Closed emreyalvac closed 1 year ago
Can you explain a bit more the use case? Is there a standard data format in which the traces will be stored?
Hi @atoulme,
My thought is that write speed is very important for Open Telemetry.
Cassandra is defined as an open-source NoSQL data storage system that leverages a distributed architecture to enable high availability, scalability, and reliability, managed by the Apache non-profit organization.
Cassandra, so fast for write operations and very compatible for analytics data. Also, it's support storing time series data thats why you can calculate throughput, response time and apdex etc.. (time series)
Cassandra’s three data modeling ‘dogmas’:
Disk space is cheap.
Writes are cheap.
Network communication is expensive.
Example Span data on Cassandra database:
[
{
"traceid": "104077629213055e8523102a57c659cd",
"duration": 75957000,
"events": null,
"links": null,
"parentspanid": "",
"resourceattributes": {
"service.name": "unknown_service:dotnet"
},
"servicename": "unknown_service:dotnet",
"spanattributes": {
"http.flavor": "1.1",
"http.host": "localhost:5000",
"http.method": "GET",
"http.scheme": "http",
"http.status_code": "200",
"http.target": "/swagger/v1/swagger.json",
"http.url": "http://localhost:5000/swagger/v1/swagger.json",
"http.user_agent": "Mozilla/5.0 (Macintosh; Intel Mac OS X 10_15_7) AppleWebKit/537.36 (KHTML, like Gecko) Chrome/109.0.0.0 Safari/537.36"
},
"spanid": "c123d6dae1744ce3",
"spankind": "SPAN_KIND_SERVER",
"spanname": "/swagger/v1/swagger.json",
"statuscode": "STATUS_CODE_UNSET",
"statusmessage": "",
"timestamp": "2023-01-22",
"tracestate": ""
}
]
So is it stored as a cql table? What is the schema used?

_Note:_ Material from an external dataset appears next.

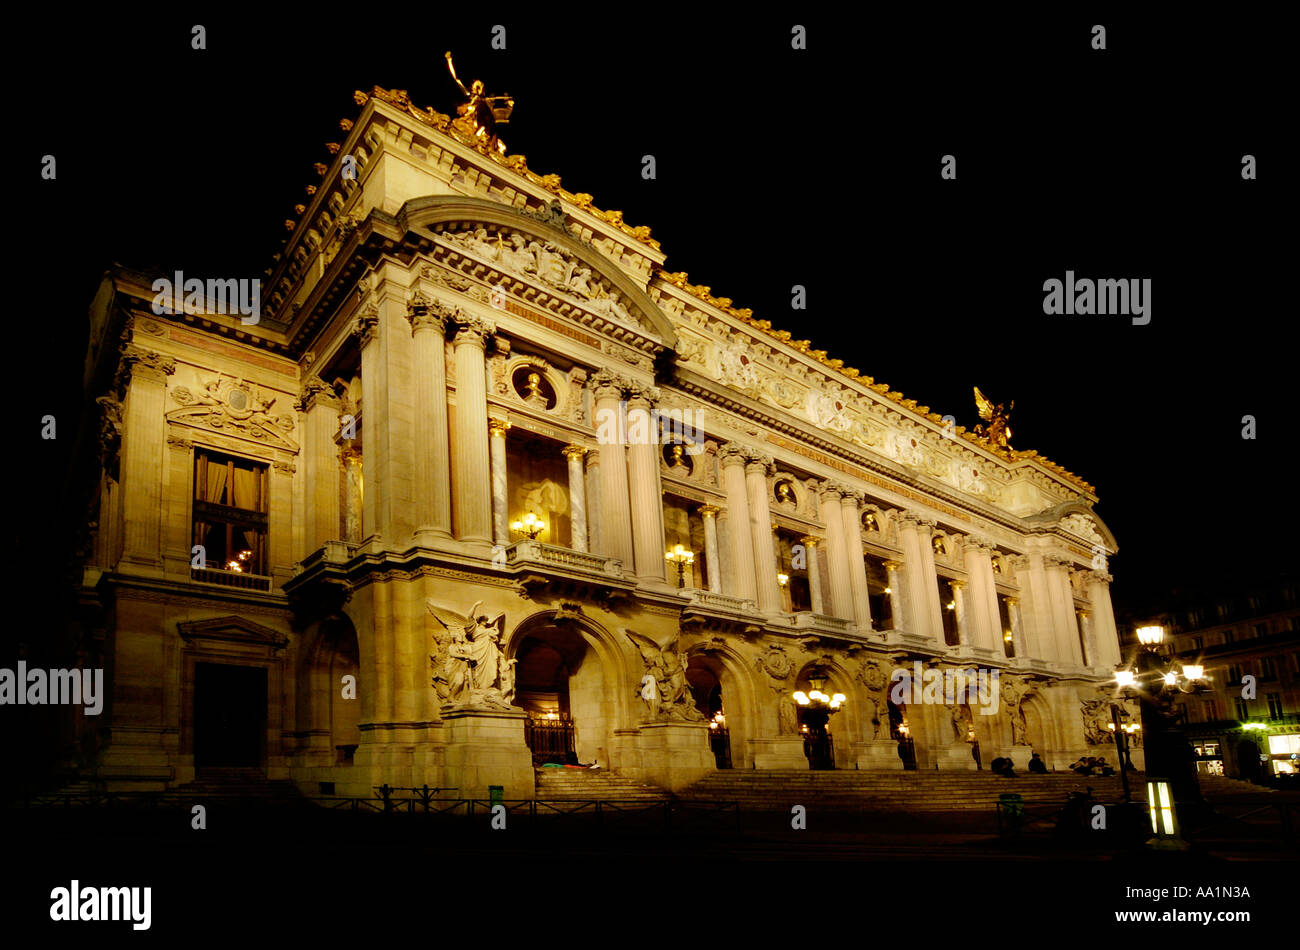 Opera House In The Night Paris France Stock Photo 4075833 Alamy

I have found those in your impl:
const (
// language=SQL
createDatabaseSQL = `CREATE KEYSPACE %s with replication = { 'class' : 'SimpleStrategy', 'replication_factor' : 1 };`
// language=SQL
createEventTypeSql = `CREATE TYPE IF NOT EXISTS %s.Events (Timestamp Date, Name text, Attributes map<text, text>);`
// language=SQL
createLinksTypeSql = `CREATE TYPE IF NOT EXISTS %s.Links (TraceId text, SpanId text, TraceState text, Attributes map<text, text>);`
// language=SQL
createSpanTableSQL = `CREATE TABLE IF NOT EXISTS %s.%s (TimeStamp DATE,TraceId text, SpanId text, ParentSpanId text, TraceState text, SpanName text, SpanKind text, ServiceName text, ResourceAttributes map<text, text>, SpanAttributes map<text, text>, Duration int,StatusCode text,StatusMessage text, Events frozen<Events>, Links frozen<Links>, PRIMARY KEY (TraceId));`
)
That is intriguing. I'd like to see if you have considered looking into how to work on this with a cluster (I see replication factor set to 1) and particularly if you have a partition key strategy for this.
Hi @atoulme,
Thanks for your time and review. I appreciate it.

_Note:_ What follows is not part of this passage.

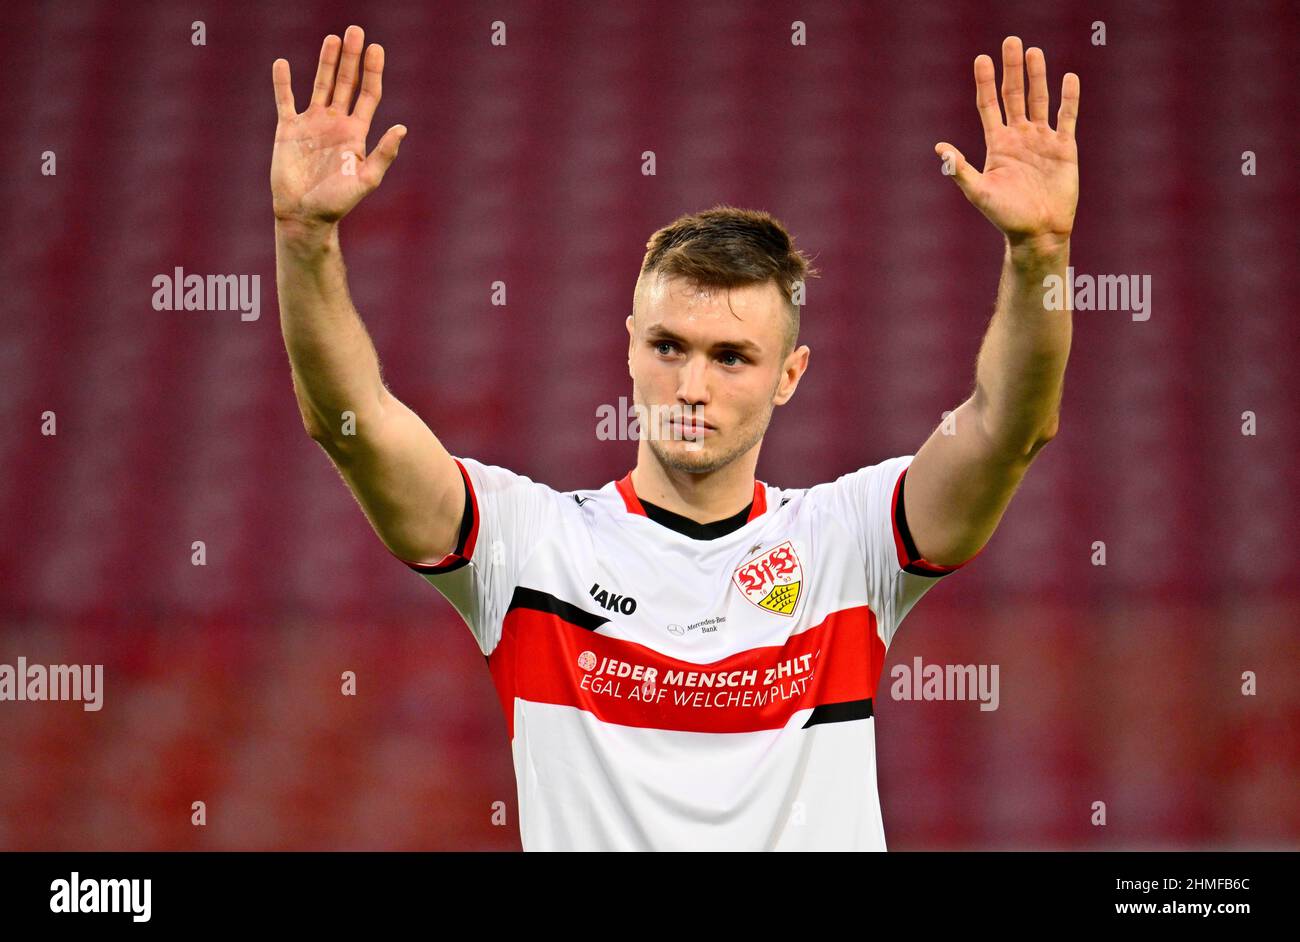 Sasa Kalajdzic, VfB Stuttgart, with special jersey EVERYONE COUNTS, REGARDLESS OF THE PLACE, against exclusion, Mercedes-Benz Arena, Stuttgart Stock Photo

Yes, it's storing in Cassandra tables. I improved config structure to change replication and compression dynamically. Also i changed PRIMARY KEY to SpanId. (PRIMARY KEY also defines the PARTITION KEY) Maybe we can create COMPOSE PARTITION KEY between ServiceName and SpanId.

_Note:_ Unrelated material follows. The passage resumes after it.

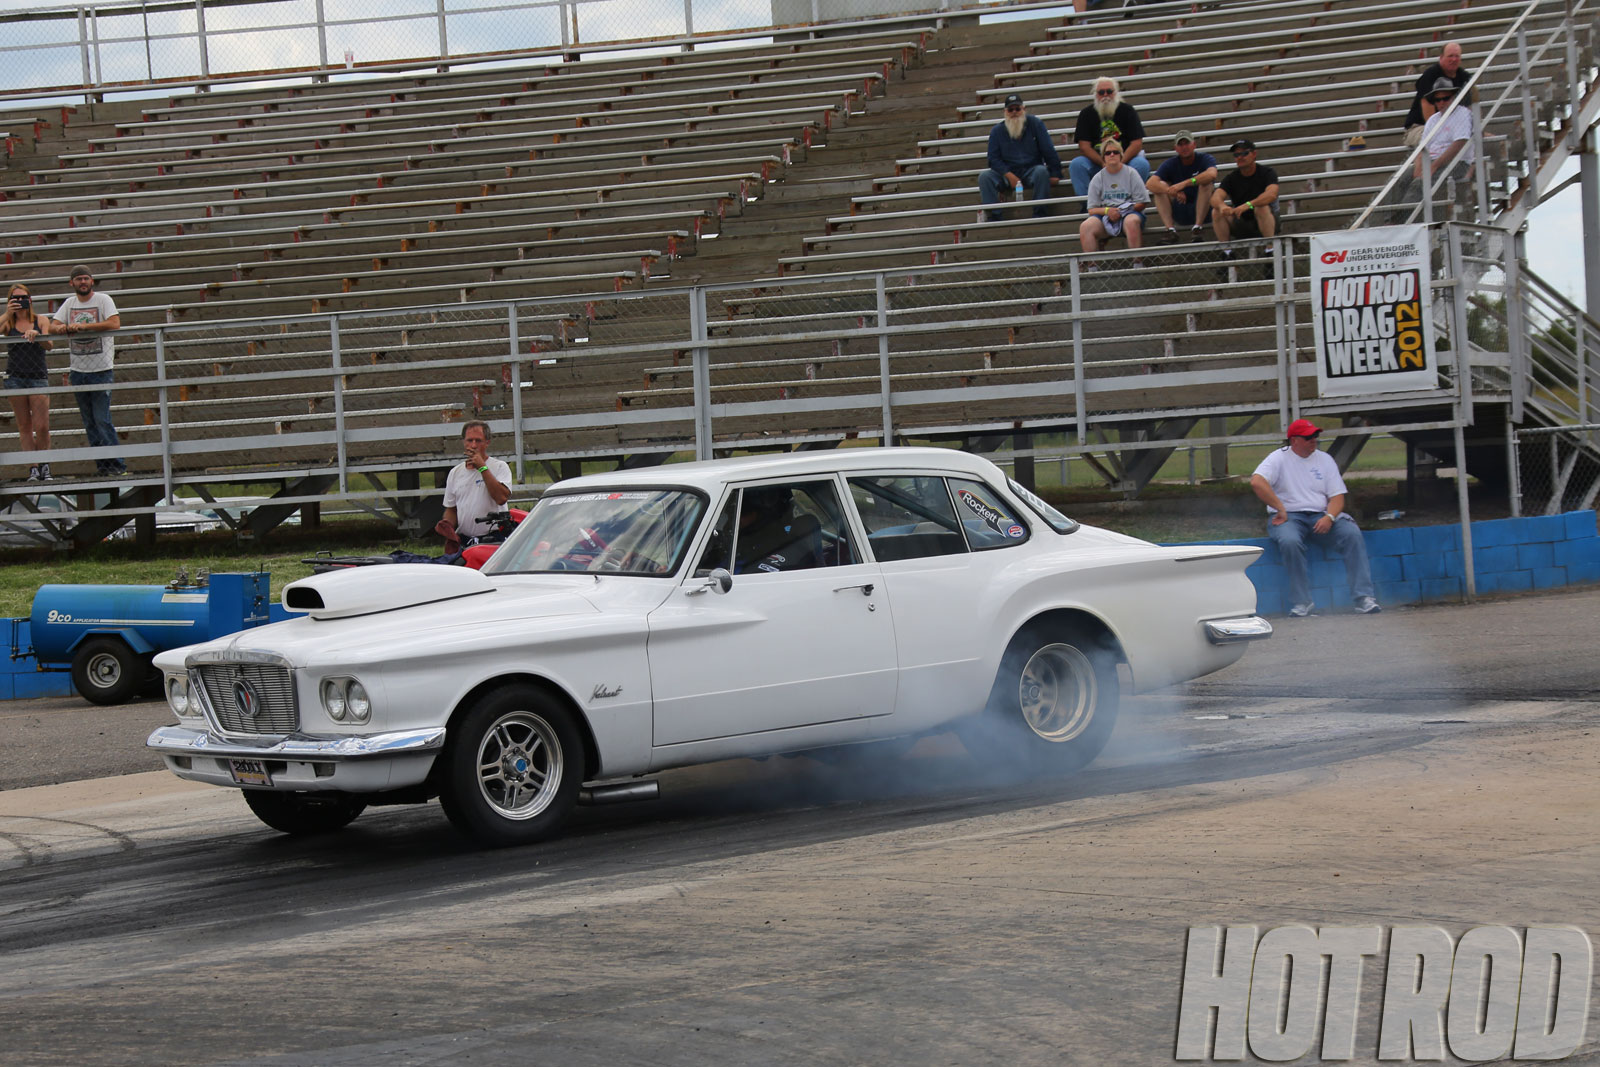 Attached picture 7433155-drag-week-2012-wednesday-gallery-6220.jpg

https://cassandra.apache.org/doc/latest/cassandra/operating/compression.html
CREATE KEYSPACE otel WITH replication = {‘class’: ‘SimpleStrategy’, ‘replication_factor’: 3};
In the above example, we created a keyspace called otel using SimpleStrategy with replication factor 3. The data inserted in this keyspace will be replicated to the three nodes, in one datacenter and across different racks.
When i run Cassandra exporter with following config, schema will be like this:
receivers:
otlp:
protocols:
grpc:
endpoint: 0.0.0.0:4317
exporters:
cassandra:
dsn: 127.0.0.1
keyspace: "otel"
trace_table: "otel_spans"
replication:
class: "SimpleStrategy"
replication_factor: 1
compression:
algorithm: "ZstdCompressor"
service:
pipelines:
traces:
receivers: [ otlp ]
exporters: [ cassandra ]
Schema:
otel: schema durable_writes: true replication: {'class': 'org.apache.cassandra.locator.SimpleStrategy', 'replication_factor': '1'}
+ object-types
events: object-type
+ object-attributes
timestamp: date
name: text
attributes: map<text, text>
links: object-type
+ object-attributes
traceid: text
spanid: text
tracestate: text
attributes: map<text, text>
+ tables
otel_spans: table compression = {'chunk_length_in_kb': '16', 'class': 'org.apache.cassandra.io.compress.ZstdCompressor'}
+ columns
traceid: text
duration: int
events: frozen<events>
links: frozen<links>
parentspanid: text
resourceattributes: map<text, text>
servicename: text
spanattributes: map<text, text>
spanid: text
spankind: text
spanname: text
statuscode: text
statusmessage: text
timestamp: date
tracestate: text
+ keys
primary key: (spanid)
Default config:
{
DSN: "127.0.0.1",
Keyspace: "otel",
TraceTable: "otel_spans",
Replication: Replication{
Class: "SimpleStrategy",
ReplicationFactor: 1,
},
Compression: Compression{
Algorithm: "LZ4Compressor",
},
}
That’s great! Please look for a sponsor to land this. I cannot sponsor fwiw. Come to a SIG meeting if possible to present your work.
@atoulme now that you can, would you be interested in sponsoring this component?
Now also supports Logs.
I will sponsor.
This issue has been inactive for 60 days. It will be closed in 60 days if there is no activity. To ping code owners by adding a component label, see Adding Labels via Comments, or if you are unsure of which component this issue relates to, please ping @open-telemetry/collector-contrib-triagers
. If this issue is still relevant, please ping the code owners or leave a comment explaining why it is still relevant. Otherwise, please close it.
The purpose and use-cases of the new component
The purpose of this exporter is to extract traces and logs to Cassandra database.
I already started to develop this component here: https://github.com/emreyalvac/opentelemetry-collector-contrib/tree/cassandra-exporter-implementation.
https://github.com/open-telemetry/opentelemetry-collector-contrib/pull/18515
Example configuration for the component
Telemetry data types supported
traces, logs
Is this a vendor-specific component?
Sponsor (optional)
No response
Additional context
No response